A Sermon on John 15:9-17

Preached May 25, 2003

First Christian Church, Corpus Christi, Texas

By Donald M. Tuttle

 

 

          Have you ever noticed that some things work better in concept than they do in reality?

          Take dieting, for example.  It is a great concept.  It makes sense to eat less, feel better and live longer.  But then we go to a Christian Women’s Fellowship luncheon, Eunice Dunn brings chocolate chip squares, and reality sets in.  Dieting is great until we have to actually do it.

          The same could be said for exercise, socialism, public transportation and, of course, tithing.  In concept, they all sound pretty good.  They sound as if they might be wise to do.  And yet history has shown that they are harder to make work than we might imagine.  They are great ideas until we have to implement them.

 

          Jesus’ commandment to love one another might fall into the same category.  Conceptually, it sounds great.  Of course, we can love one another.  But loving one another is easier as a concept than it is a reality.  Just think about some of those in our congregation. 

Ÿ         There’s Rick.  He’s a nice guy, but I remember someone saying, “Never trust a man with a beard.  He’s trying to hide something other than his chin.”

Ÿ         Or take our graduates.  They look nice in their commencement wear, but you have read the stories.  The papers tell us their slackers, that they aren’t motivated like previous generations.  That could make them hard to love.

Ÿ         There’s Gene.  He’s leaving us today.  Moving away to the Hill Country.

Ÿ         There’s Doug.  He’s a lawyer.  Enough said.

Ÿ         There’s Bobbi. She’s a woman, and we all know that it was Eve that caused Adam to fall.  And, of course, she's a redhead.  You’ve got to watch out for redheads.

Ÿ         How about Vicente.  Vicente isn’t like the WASPs who dominate this church.  He’s from Cuba.

Ÿ         And here I am—a preacher.  You know about preachers, don’t you?  Jesse Jackson, Oral Roberts, Jimmy Swaggart, Jim Bakker.  “Frauds, all of them,” some say.

Ÿ         And then there’s Gene.  Did I mention that he’s leaving us?

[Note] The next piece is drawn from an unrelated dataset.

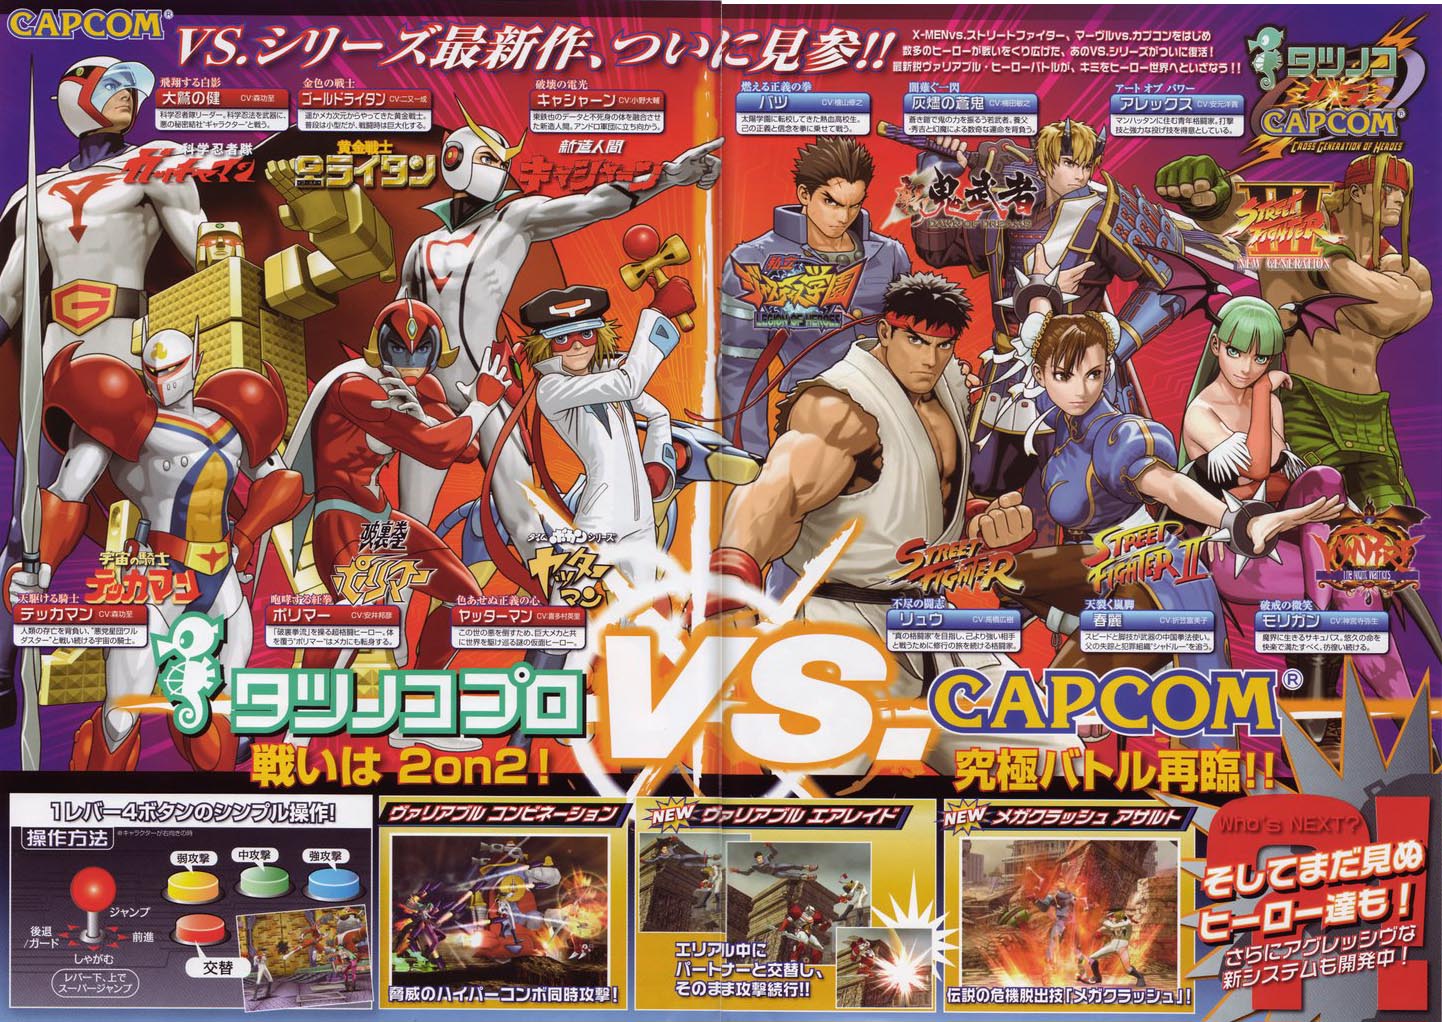 Tatsunoko Vs. Capcom: Ultimate All-Stars HD wallpapers, Desktop wallpaper - most viewed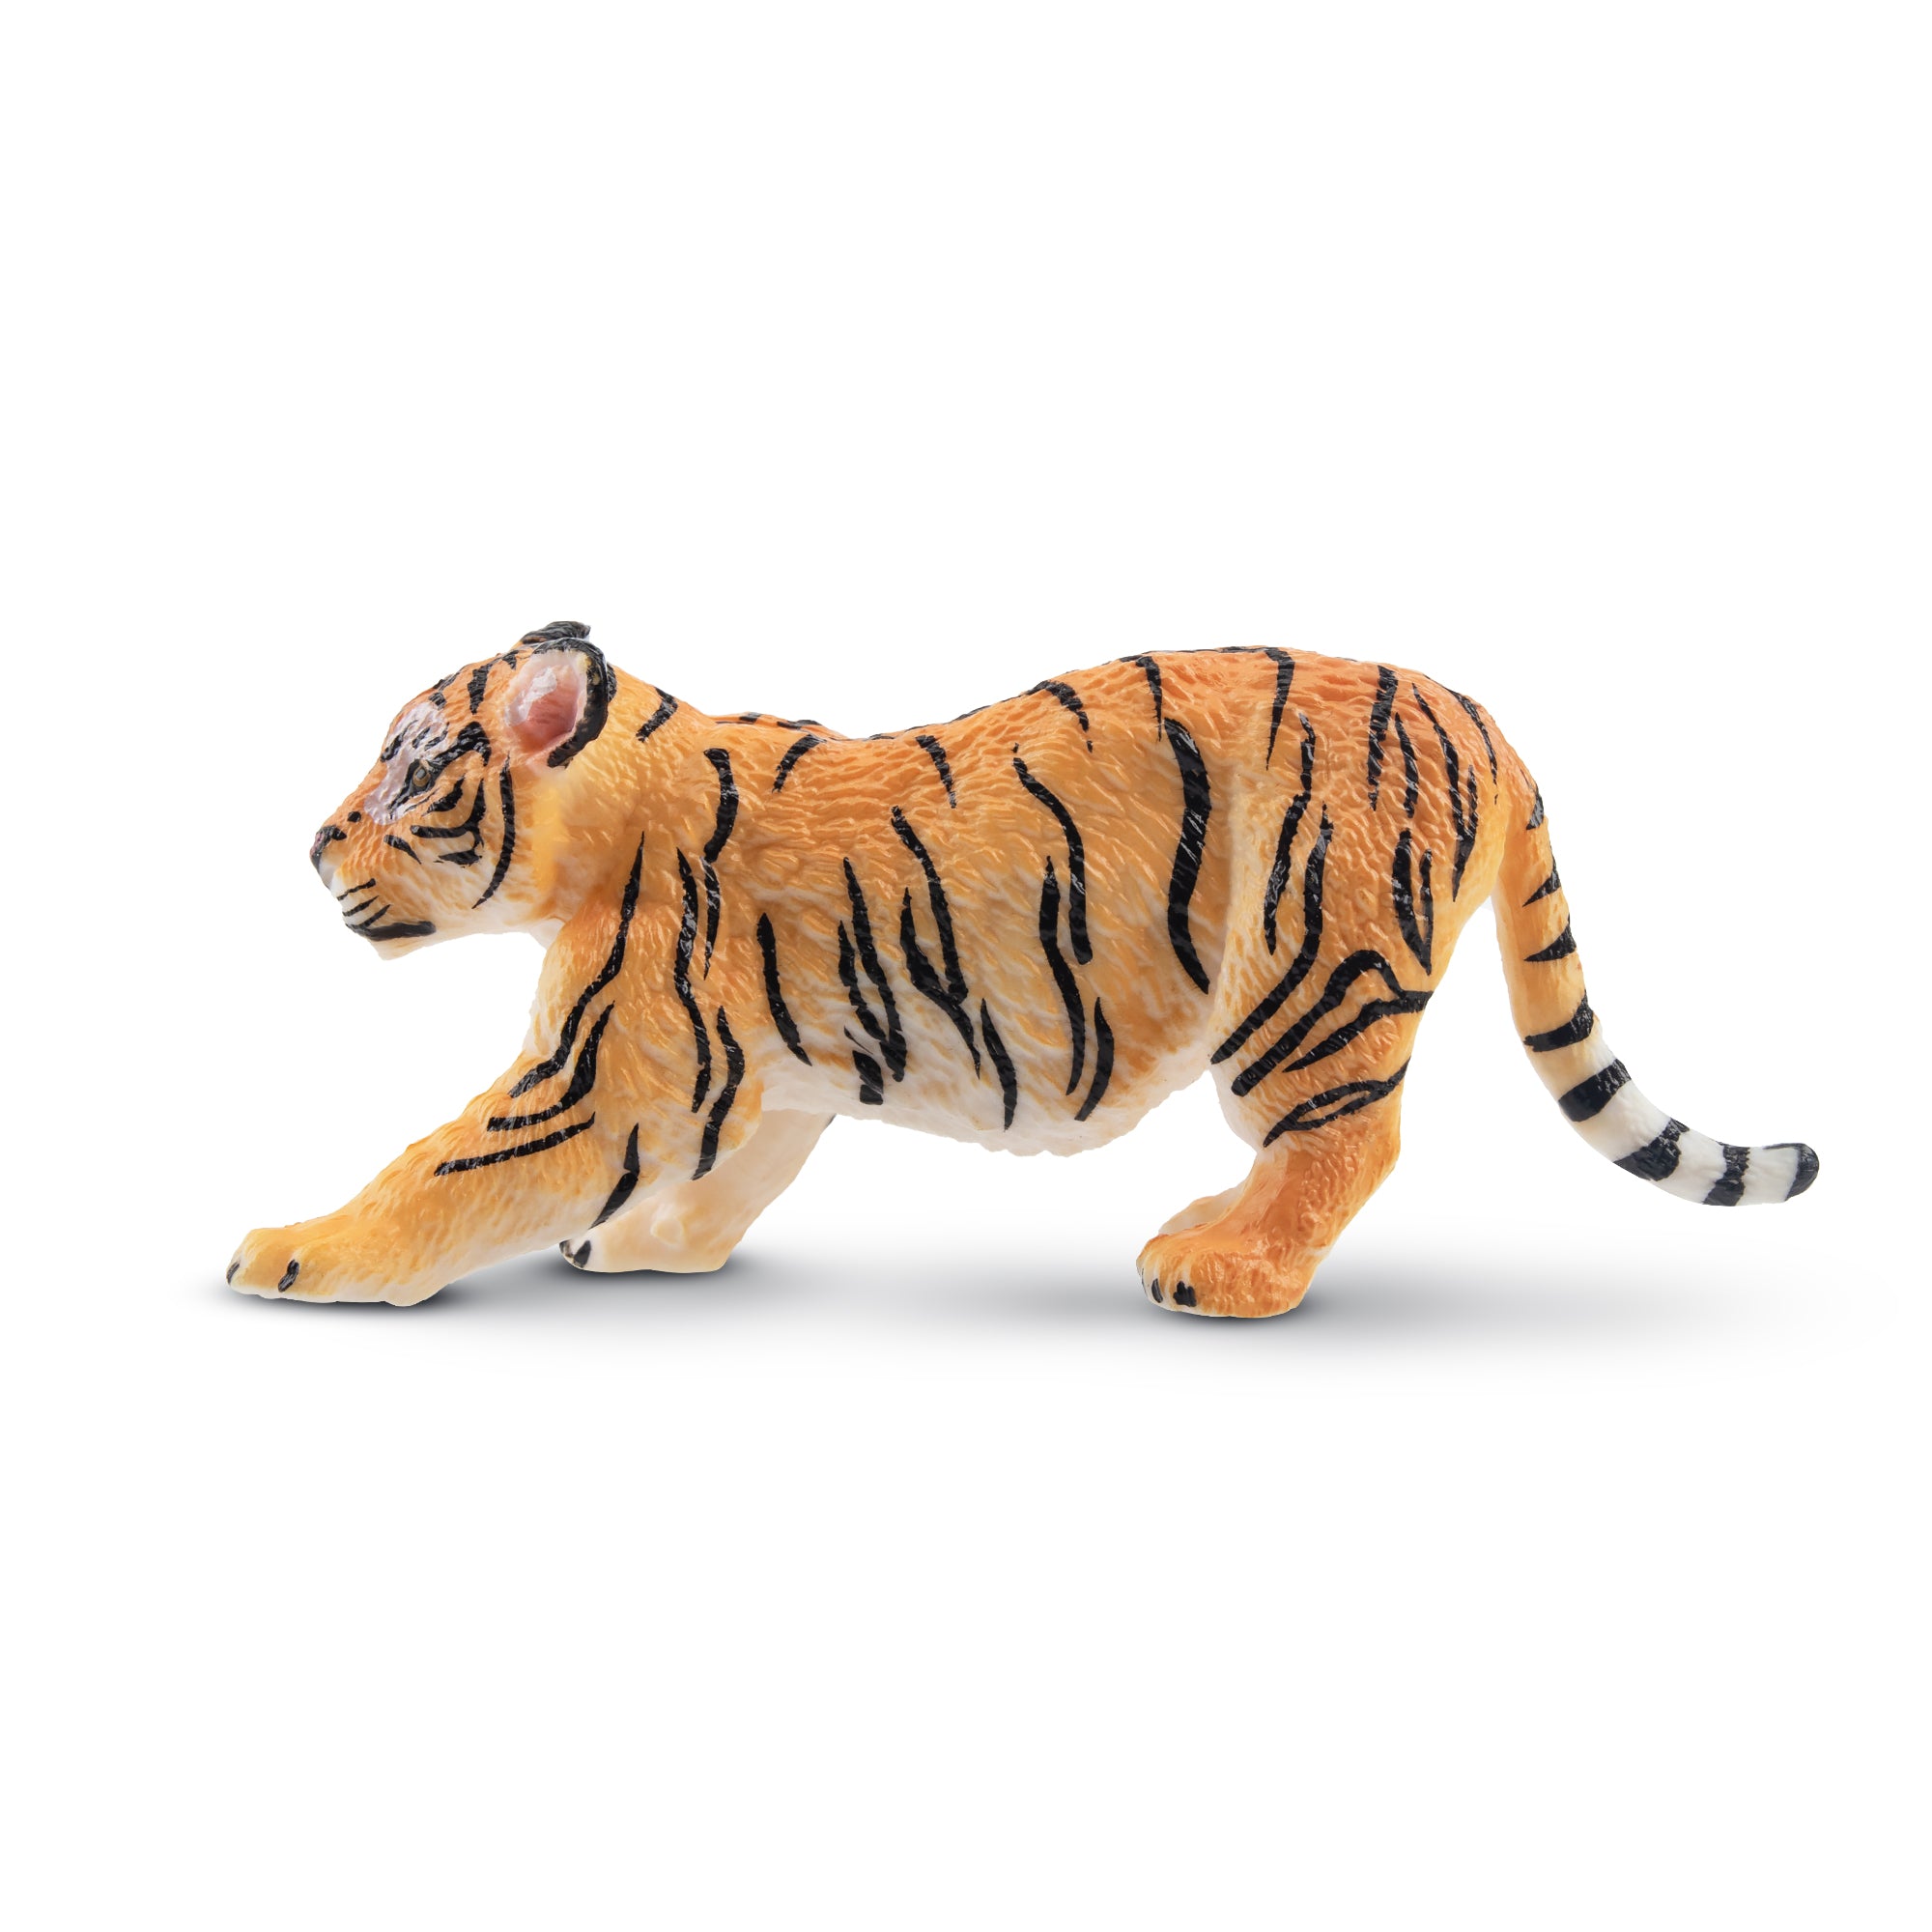 Toymany Stretching Tiger Cub Figurine Toy

          Of course, I exaggerate a bit, but you get the point.  We can find a reason not to love just about anyone.  It might be their race, their gender, their sexual orientation, their political affiliation, their occupations, or anything else.  It might be that he said something that hurt our feelings or she did something that she shouldn’t have done.  That fact is that there are as many reasons not to love people as there are people. Love works as a concept, but the reality of loving others, particularly others who differ from us is hard.

But there is something deeper at work than simply finding it hard.  To love one another, as Jesus commanded, goes against our very nature.  We may be reluctant to admit it, but we are self-centered.  All of us want to be the center of the universe.  We all want to have the sun, the moon and the stars--not to mention other people--revolve around us.  That is what Scripture means when it talks about Sin, with a capital “S.”   And loving runs counter to self-centeredness.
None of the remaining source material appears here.